In
Dessau, eine Nacht im Bauhaus-Ateliergebäude, wo man sich einmieten kann. Überraschenderweise steht im
Ehrlich-Zimmer, wo Franz Ehrlich 1927-1930 studiert hat,
die Kommode aus dem Wohnzimmer meiner Eltern! Er hat nämlich die
Wohnraummöbel-Typenserie 602 in den 50ern für die Deutschen
Werkstätten Dresden-Hellerau entworfen, massive Kästen mit
spitzen Füßen und Muldengriffen an den Schubladen (auf
die man sich so schön stellen konnte, einer ist uns dabei abgebrochen). Jetzt stehen schon die Möbel meiner Eltern im Museum!
Aber noch viel Spektakulärer ist der Fußboden, auf dem man am
liebsten die ganze Zeit mit nackten Füßen rutschen will. Ist das polierter Beton? Ich frage einen
Mann mit Hausmeister-Ausstrahlung nach dem Fußboden und erfahre, daß
es sich um "Steinholz-Estrich" handelt, da wird Holz beigemischt, eigentlich ein
Industrieboden ("Xylolith", oder noch schöner
"Dresdament"). Dieser
Bodenbelag ist fußwarm, atmungsaktiv, trittsicher,
trittschalldämmend, feuerhemmend sowie roll- und druckfest (warum
gibt es dann überhaupt noch andere Fußböden?) Da
brauche man aber beim Verlegen "Dehnungsfugen", sagt er, und ich nicke verständig. Erwachsene Männer haben immer so tolle Spezialwörter.
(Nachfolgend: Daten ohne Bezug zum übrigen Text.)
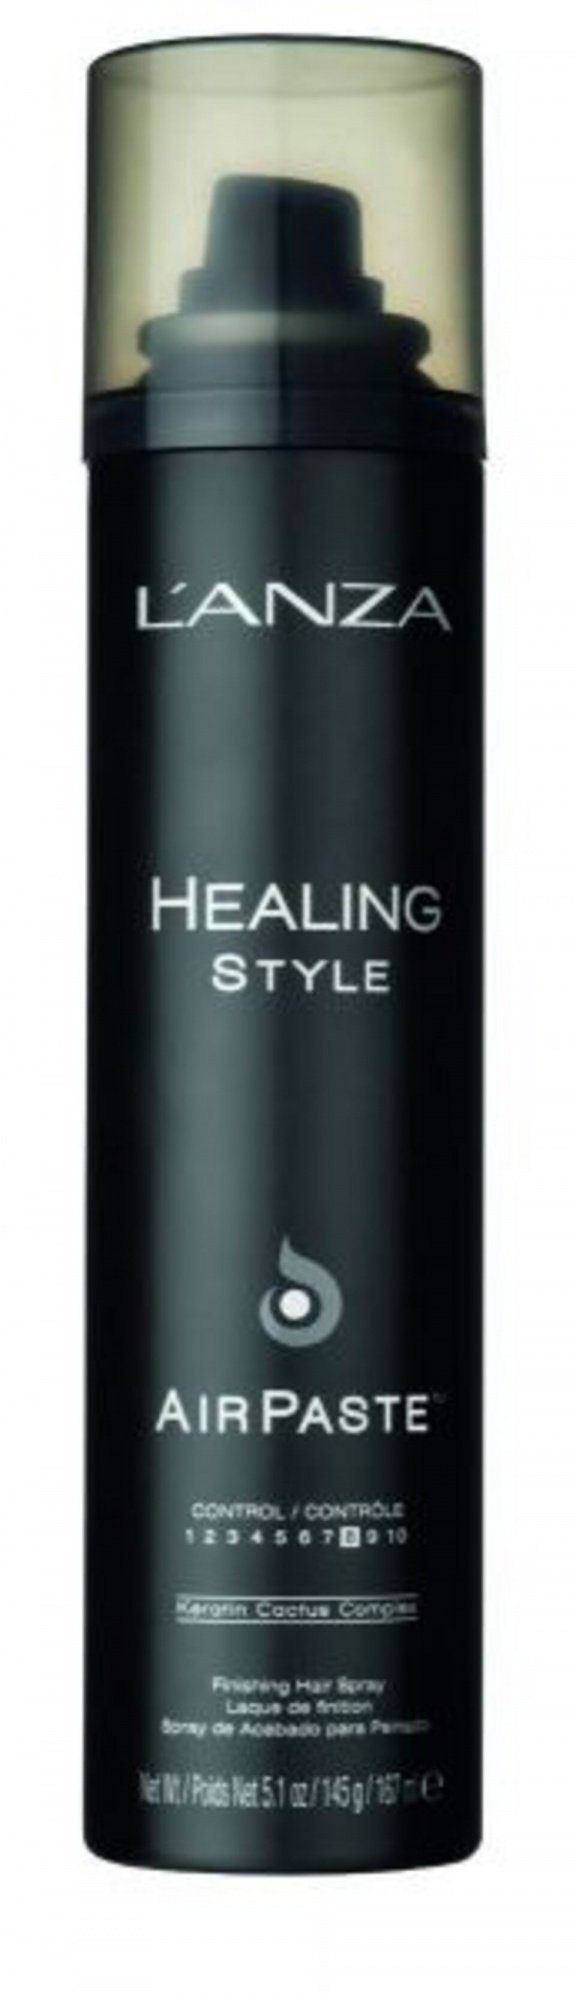 167 Haarspray ml, Style 1-tlg., in Lanza Textur, Stylingpaste Air Paste Definition Healing Sprayform, Volumen,
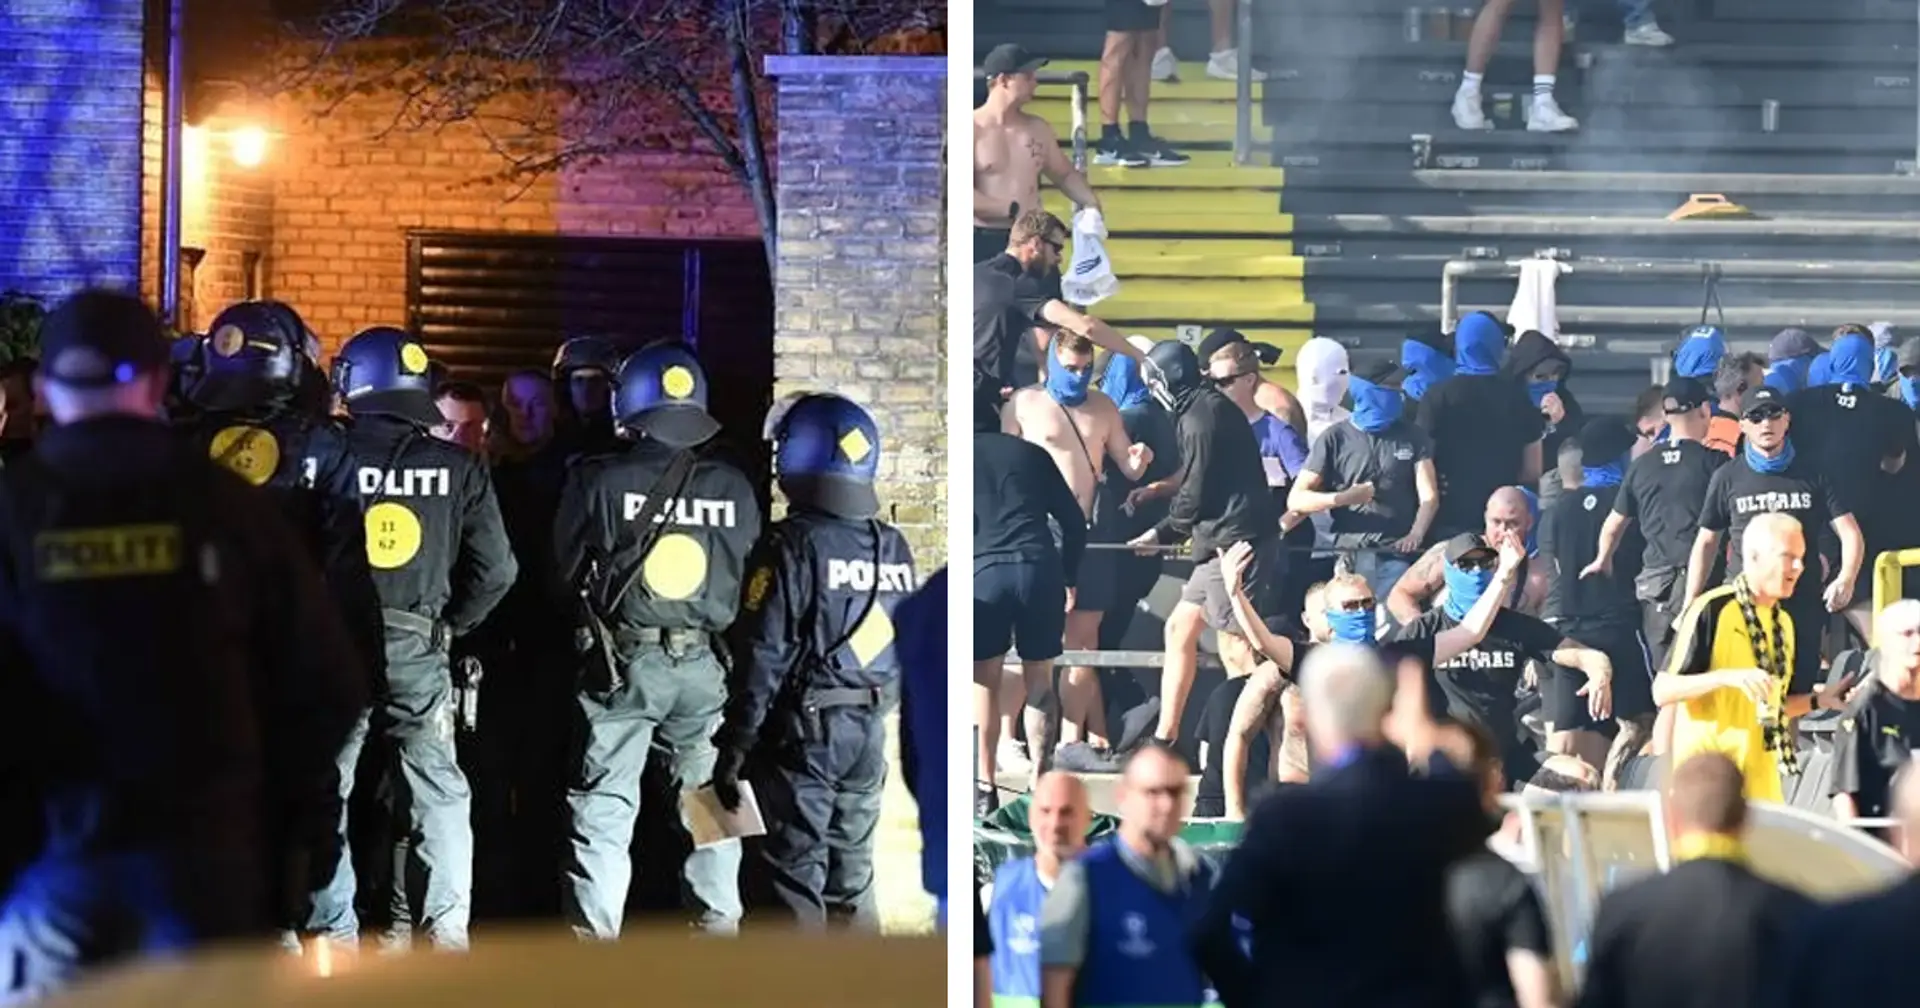 Schlägereien fanden doch statt! In Dänemark berichtet man von Zusammenstößen zwischen Dortmunder- und Kopenhagen-Fans

Der lange Flur, da sei das
schwierig, da gebe es Querrisse. Na, die finde ich ja gerade schön.
Ich
bin jetzt für heute auf Fußböden geeicht und deshalb fällt mir im
Meisterhaus von Klee und Kandinsky eine Treppenstufe auf, die aus dem
Rahmen fällt, das wird doch nicht der alte DDR-PVC-Belag sein? Haben sie das übersehen? Dieses irre Muster, es war ja immer dem Zufall überlassen, welches Muster man in seiner Wohnung bekam, wie bei den Tapeten, je nachdem, was gerade da war. Nein, erfahre ich, sie nennen das ein "Zeitfenster", auch bei der
Tapete sieht man an einer Stelle DDR-Rauhfaser. Das Haus war zu Ostzeiten
vermietet, unten war eine neurologische Praxis drin. Das Gropius-Haus
war sogar zerstört, da hatte man auf dem Sockel ein Einfamilienhaus
gebaut. Die Amerikaner haben Dessau ja wegen der Junkers-Werke
zerbombt, nachdem die Nazis schon überall aus den "undeutschen" großen Fenstern kleine Fenster gemacht hatten, sie hetzten gegen diese "orientalische" Bauweise, vor allem gegen die flachen Dächer. Solche PVC-Böden,
wie man die früher gebohnert hat, darüber komme ich mit der Dame ins Gespräch.
Da gab es solche länglichen Würste mit Bohnerwachs drin, weiß oder
weinrot, aus Wittenberg "Schnellglanz Wittol". Sie wundert
sich, daß ich noch weiß, was bohnern ist, und daß ich auch die
schweren "Blocker" noch kenne, mit denen man das machte.
Aber ich war doch bei der Armee, da haben wir nichts anderes gemacht,
sogar bei den Fliesen im Flur. Eine Schikane war, auf den Blocker
eine brennende Kerze zu stellen, die nicht ausgehen durfte. In der
Neubauwohnung haben wir für den Fußbodenbelag auf den
Hausflurtreppenstufen so ein scharfes, weißes Mittel benutzt, das war bestimmt halluzinogen. Das
Zeitfenster steht weit offen für mich. Ich finde auch, man hätte
das Gropiushaus nicht wieder aufbauen müssen, es ist sowieso nicht
das Original. Die anderen drei Meisterhäuser reichen doch, es wäre
interessanter mit dem DDR-Haus auf dem Bauhaus-Sockel.
Bei
McDonalds lausche ich dann zwei jungen Bundeswehrsoldaten, die haben auch so seltsame Wörter und Abkürzungen. Der eine
mußte unvorbereitet einen Zug führen, und dann wurden "drei
Lagen eingespielt". Eine Lage scheint so etwas zu sein wie bei
uns ein "Vorkommnis". Plötzlich habe da wer im Gelände mit dem Handy telefoniert, das war eine "Lage". "Ich durchs DF geguckt". Aber da habe er sich
erinnert, daß man bei Kampfmitteln maximal 200 Meter Abstand hält. Ich würde sie gerne fragen, ob sie noch bohnern? Aber die haben heutzutage bestimmt Putzkräfte.